しばらくして聖はそっと伏せていた瞼を開けた―そして。
「こっちや!こっちから聞こえてきた!」
「…そうか」
聖はその場所に向けて草木を掻き分けながら一目散に進んでいった―弓生はその後を静かに追う。―そして。
「あっ…た。
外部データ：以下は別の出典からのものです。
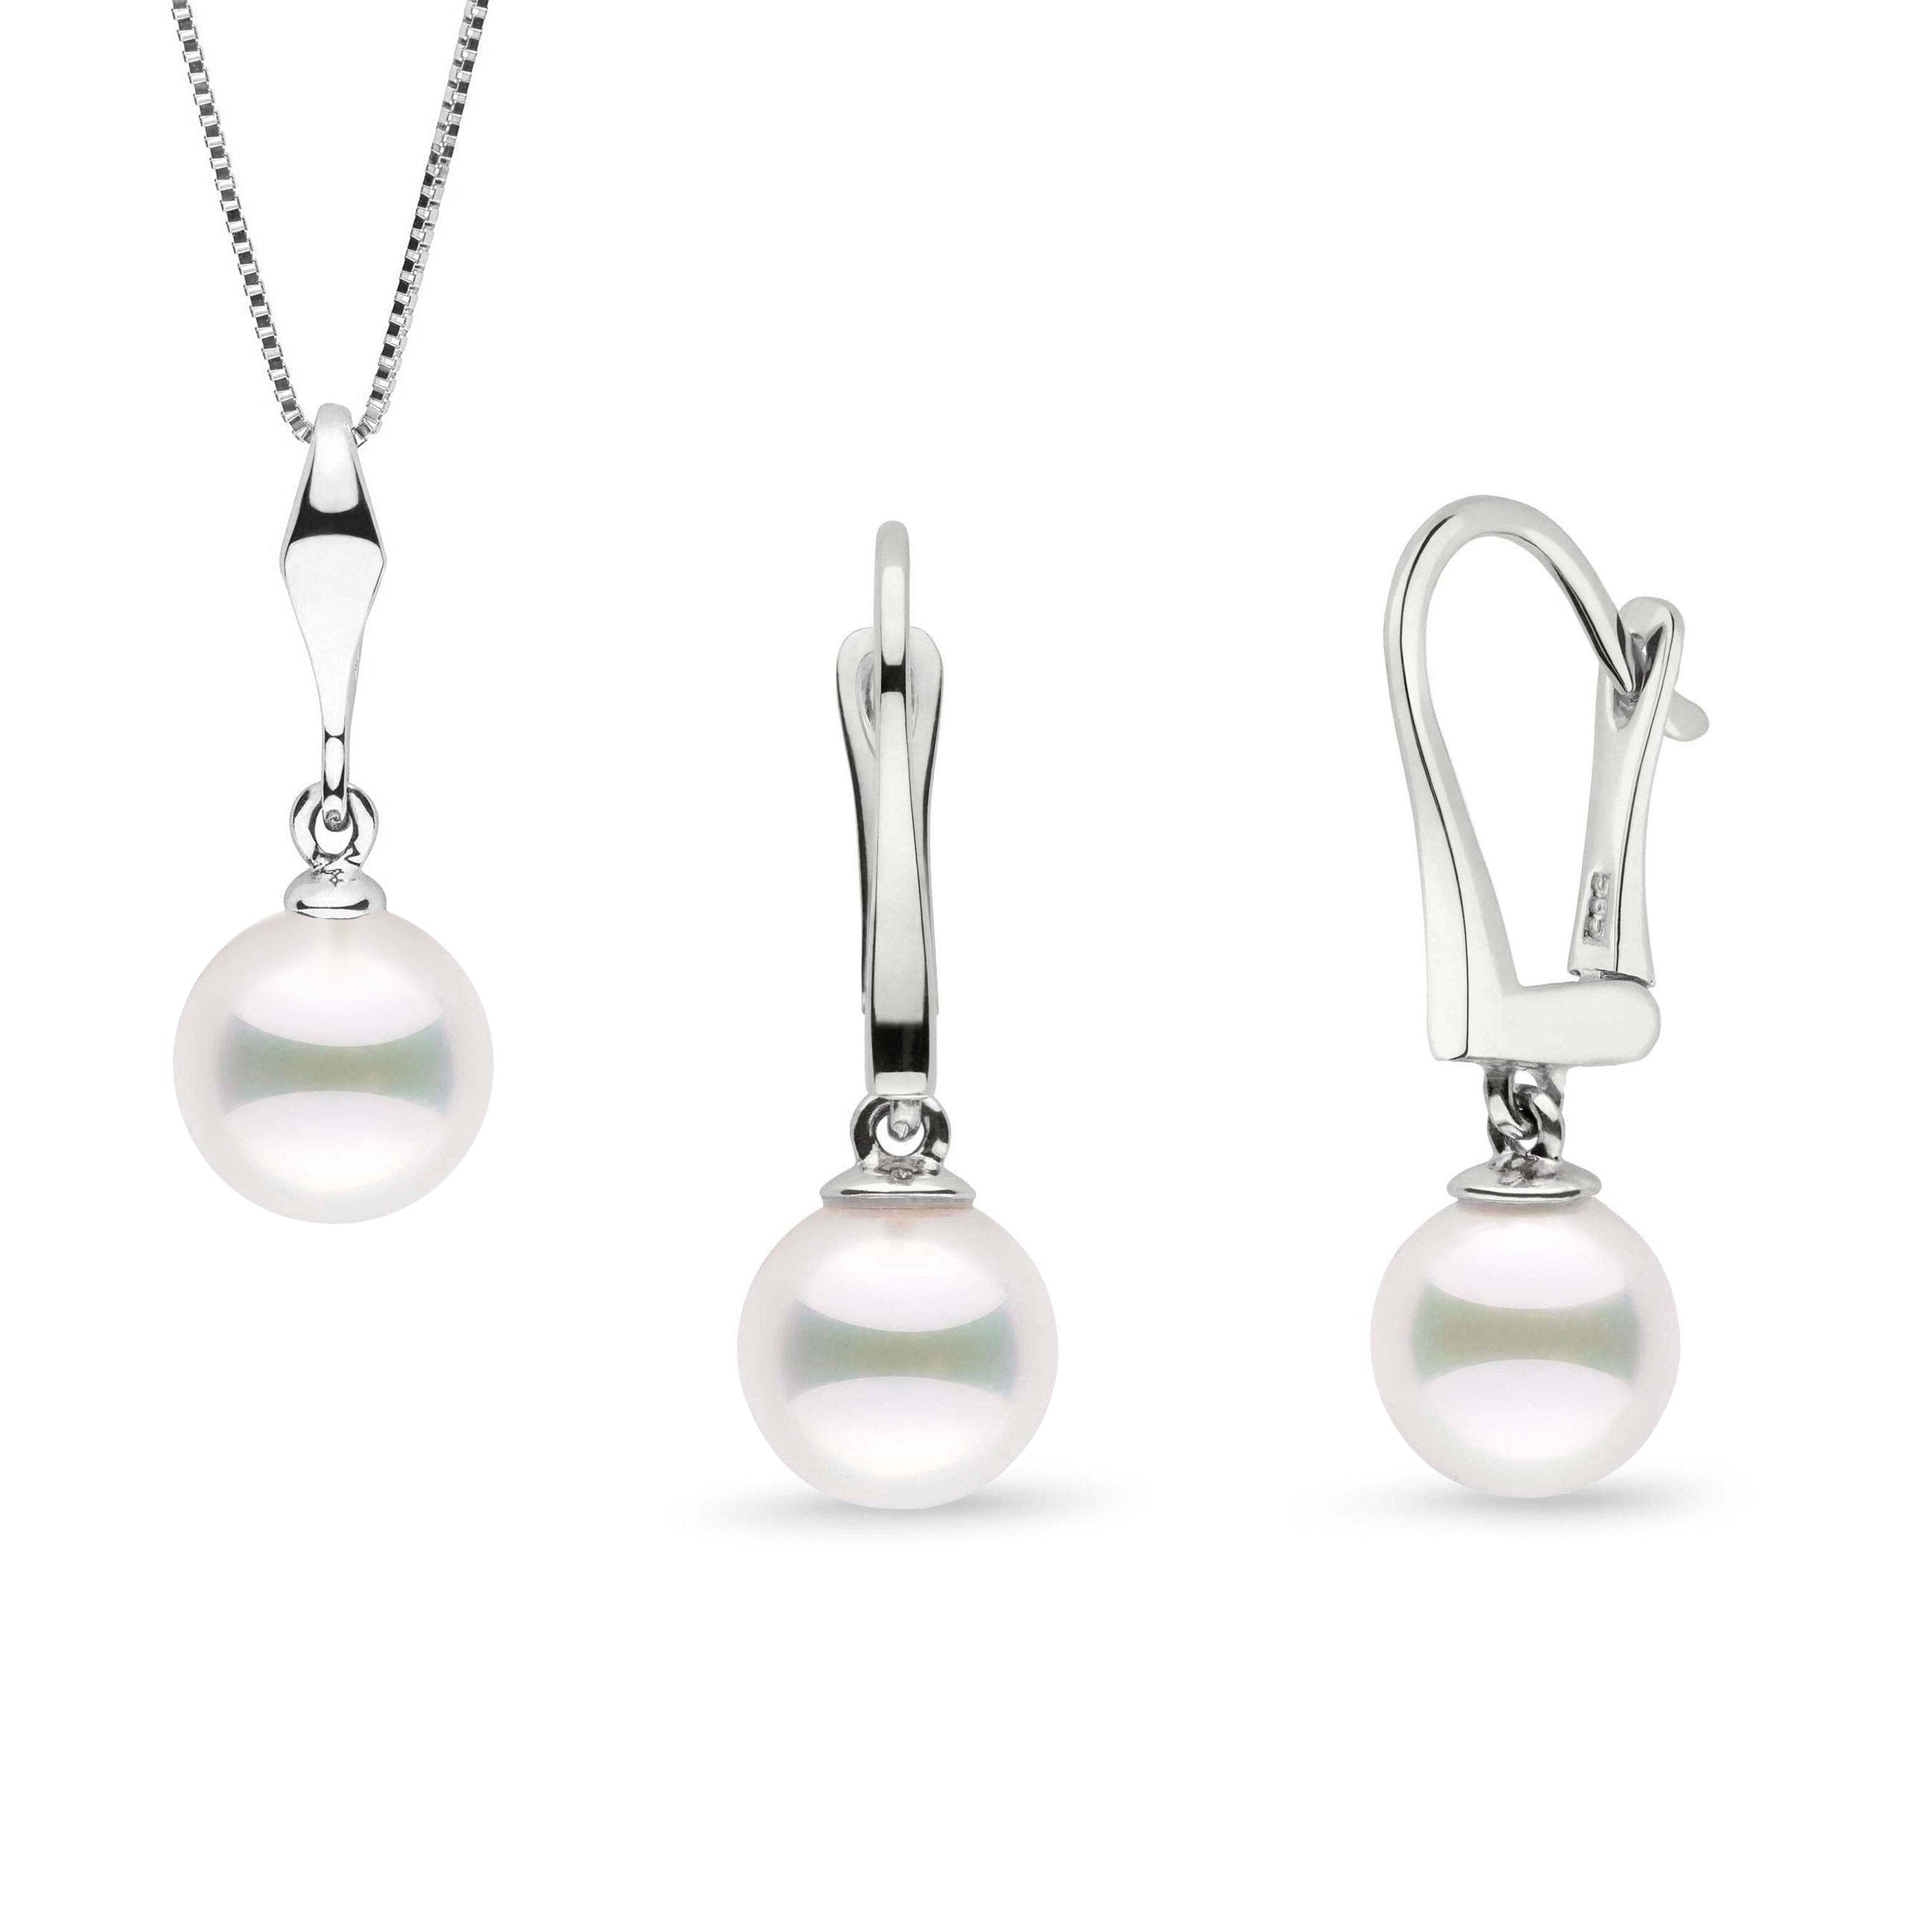 Essential Classic Collection 7.5-8.0 mm Akoya Pearl Pendant and Earrings Set

あった、ユミちゃん!」
「そうか、良かったな」
「うん!おおきに、ほんまおおきにな!ユミちゃん」
「もう無くすなよ」
「うん!気ぃ付けるわ、もう絶対無くさへん」
聖が満面の笑みで頷くと、弓生は静かに微笑んだ。
それから二人で車に戻り、BMWは再び夜の闇を走り出した。
すると、車内で聖があっ、と声を漏らした。
「どうした?」
「ユミちゃん腹減らん?この時間やってる店とかあるやろか?ファミレスやったら開いてると思うけど…」
「今から寄るのは面倒だ…家でなんか食おう」
「ん〜、なんかあったかいな?」
小首を傾げる聖。
「あっ!あれやったらあるで?カップラーメン!」
カップラーメンを啜る弓生―余り想像したくない姿である。
「自分の誕生日にカップラーメンで済ませる気か?…他にはないのか?」
「他に?ん〜、せやなぁ…」
再び小首を傾げる聖―と、突然ポツリ、と呟くように言葉を紡いだ。
「なあユミちゃん?…今日はほんまにかんにんな?その…約束破ってしもて…」
「いいさ、また別の機会にしよう」
優しい口調に聖は、うん―と頷いた。
「せやけどオレ、ユミちゃんと一緒やったらレストランとかやのうても、カップラーメンでも充分や」
ふわりとした笑顔で見つめられ、弓生はそっと聖の肩を抱き寄せる。
「…そうだな」
だが、ボソッと付け加える。
「けど…インスタントだけは食わんぞ?」
その言葉に、あはは―と声を上げて笑う聖。
月に架かっていた雲がいつの間にか消えており、静かに光を差し始めたのだった。
それから数日後、いつものように三吾の商売の邪魔をしている聖。―と、三吾が机の上に置いてある携帯を掴む。
「あっ、やべぇ。充電がねぇや…聖、携帯貸してくんねぇ?」
「携帯?持ってへんけど」
「えっ?でもこの前買って貰ったって嬉しそうに自慢してたじゃねぇか」
「それやったら持っとるけど、家にある」
「…は?」
「ほら、オレて直ぐ無くすやろ?けど、あれはごっつぅ大事なんや…もう無くしたないんや。せやから家に置いてきた」
「聖…携帯って意味、知ってるか?携帯を携帯しないで何が携帯だ!」
呆れるように溜息を吐く三吾に聖は笑って見せた。
「携帯携帯てやかましいな。ええやんか、オレのやねんから自由やんか」
三吾の言うとおり、確かに外出するときに持ち歩かないのなら携帯の意味がない―だが、聖は満足げに笑った。
「それにあれはオレとユミちゃんの記念の携帯なんや」
二人の記念の携帯電話―その電話は今も二人の住処に大事そうに置いてあるのだった。